Trade without borders

Internationalization, booming e-commerce and multichannels – trade is going through a phase of extreme transformation. In a recent analysis, McKinsey predicts that cross-border online trading worldwide will presumably amount to US$1 trillion by 2020. What is known as the “cross-border e-commerce” industry will then account for one-fifth of global online sales. That’s why the consultancy company interviewed around 1,800 dealers and manufacturers located in Germany, the UK, the USA, China, Singapore, and Brazil.
According to McKinsey, the market for cross-border e-commerce is currently growing at an annual rate of 25 percent. Online retailers have already generated significant sales with their international business: The analysis specifies that large online retailers make up 15 percent of the share, with multichannel retailers and small and medium-sized online retailers accounting for an average of 10 percent. Cross-border international trade is influenced mainly by the shipment of fashion, cosmetics and electronic articles. “Providers of household goods, office supplies or food also benefit considerably from online shopping abroad,” says Thomas Netzer, an expert in postal services and logistics at McKinsey.

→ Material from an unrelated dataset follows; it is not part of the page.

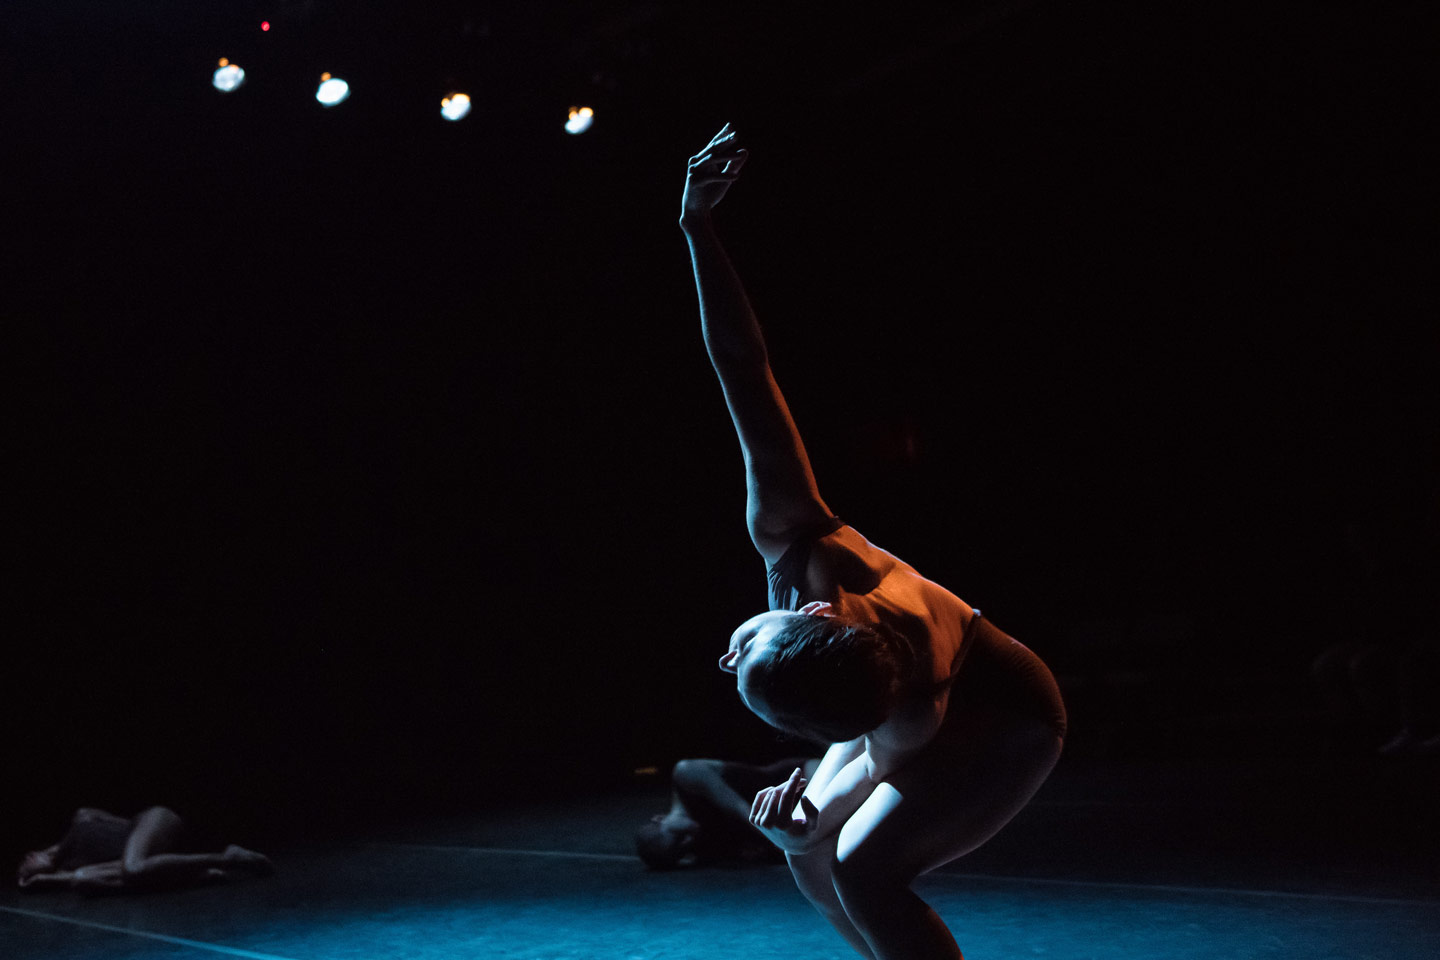 push/FOLD dancer Liane Burns performing at Union PDX - Festival:19 at the Hampton Opera Center in Portland, Oregon | Photographer: Jingzi Zhao

Manufacturers and online retailers open up new markets

Approximately seven out of ten online retailers expect to generate even more sales in the future by selling goods or services abroad. The analysis of the market indicates that consumers in Germany tend to order from abroad when the price is lower, a better product is available or the selection is larger. Manufacturers also report a strong increase in demand from other countries in their web shops. McKinsey states that their international share of sales is growing 30 percent faster than that of retailers. “Cross-border online sales allow manufacturers to market their brand-name products directly to consumers around the world from just one production location, without having to rely on local intermediaries,” Netzer says.

In addition to the traditional parcel services market, the market for express deliveries is also profiting from cross-border e-commerce. McKinsey reports that more than 120 million international express deliveries – in other words, shipments with guaranteed delivery the next day – are internationally shipped to private individuals located overseas on an annual basis. The potential for growth is enormous. Not only large e-commerce players such as Amazon or Alibaba, but also smaller newcomers have multiplied their sales within just a few years.

Rising demands on quality and service expectations

The shift from B2B to B2C is bringing massive market change, in addition, start-ups increasingly compete with large logistics companies. The consultants believe that express service providers must adapt shipment sizes, prices, sales and contracts to the new online retailers and manufacturers. “The e-commerce business requires express service providers to carry out a balancing act,” Netzer notes. “On the one hand, they must be able to deal with considerable price pressure compared to the traditional B2B business. On the other hand, the consumers are the ones driving the costs – especially with lower delivery coverage in rural areas, as well as increasing demands on quality and service expectations,” he continues. Today’s customers expect deliveries to be made within timeframes they can select, 24-hour customer service and easy return options.